Durante el gobierno estadounidense de Barack Obama se apoyó fuertemente a la Comisión Internacional contra la Impunidad en Guatemala (Cicig), pero una vez que la misma se marchó, la corrupción y la impunidad siguieron iguales, o se profundizaron. Este mal que se arrastra desde la Colonia no da miras de terminar.
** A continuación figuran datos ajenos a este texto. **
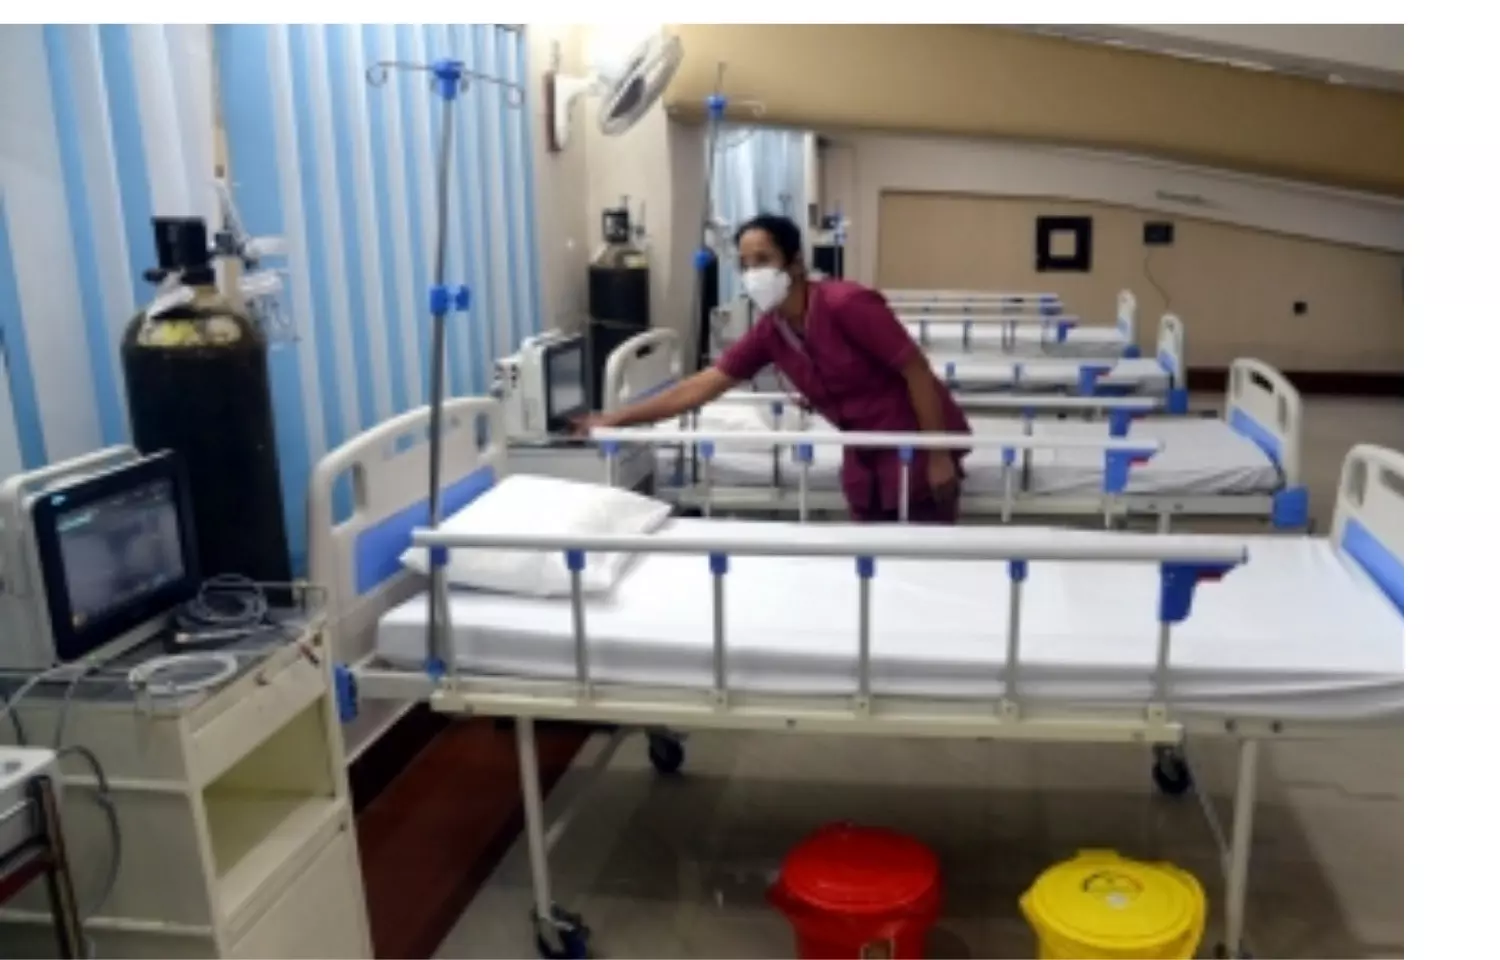 Delhi Govt directs hospitals to use one-third of COVID beds for dengue patients
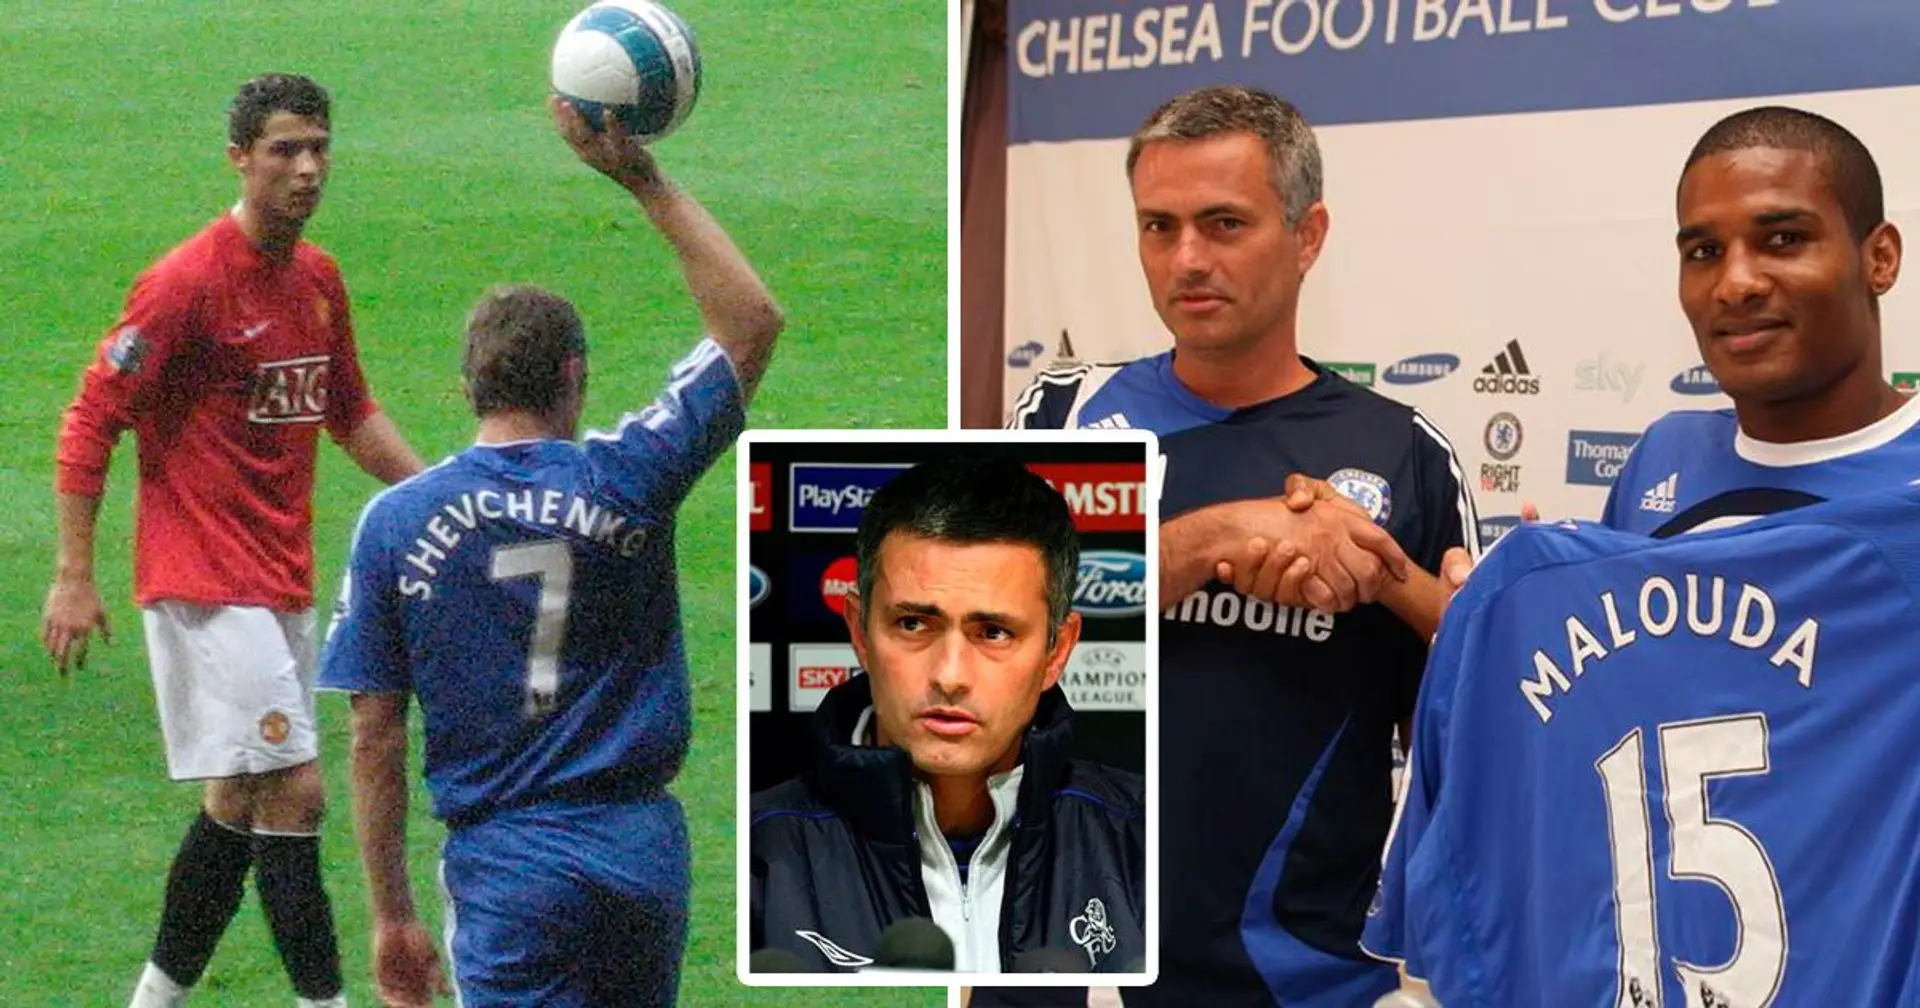 Florent Malouda recalls Jose Mourinho's reaction when he asked to wear the number 7 shirt at Chelsea

Descriptivamente el país va cambiando; y en estos últimos años, mucho más aún. La profusión de centros comerciales de lujo puede hacer pensar en cambios sustantivos, en importantes y hondas transformaciones en la dinámica social. Más allá de las apariencias, ello no es así. «El día que cada indio tenga un celular habremos entrado en el desarrollo», pudo decir el neoliberal Manuel Ayau. Hoy hay más de 23 millones de equipos funcionando, un promedio de 1.3 por persona, y no necesariamente entramos en el «desarrollo». Hay cambios cosméticos, pero en la base nada cambia: 14 universidades privadas, una pública, pero solo el 3 % de la población accede a educación superior. ¿Dónde está el cambio?
¿Democracia? Hace ya casi 40 años que se cumple con el rito de votar cada cuatro años para cambiar autoridades. Podría decirse que se salió de la «transición» y estamos en la «democracia plena», por lo tanto: gran cambio. ¿Lo es? La situación actual, con una mafia que no quiere dejar el gobierno, lo demuestra.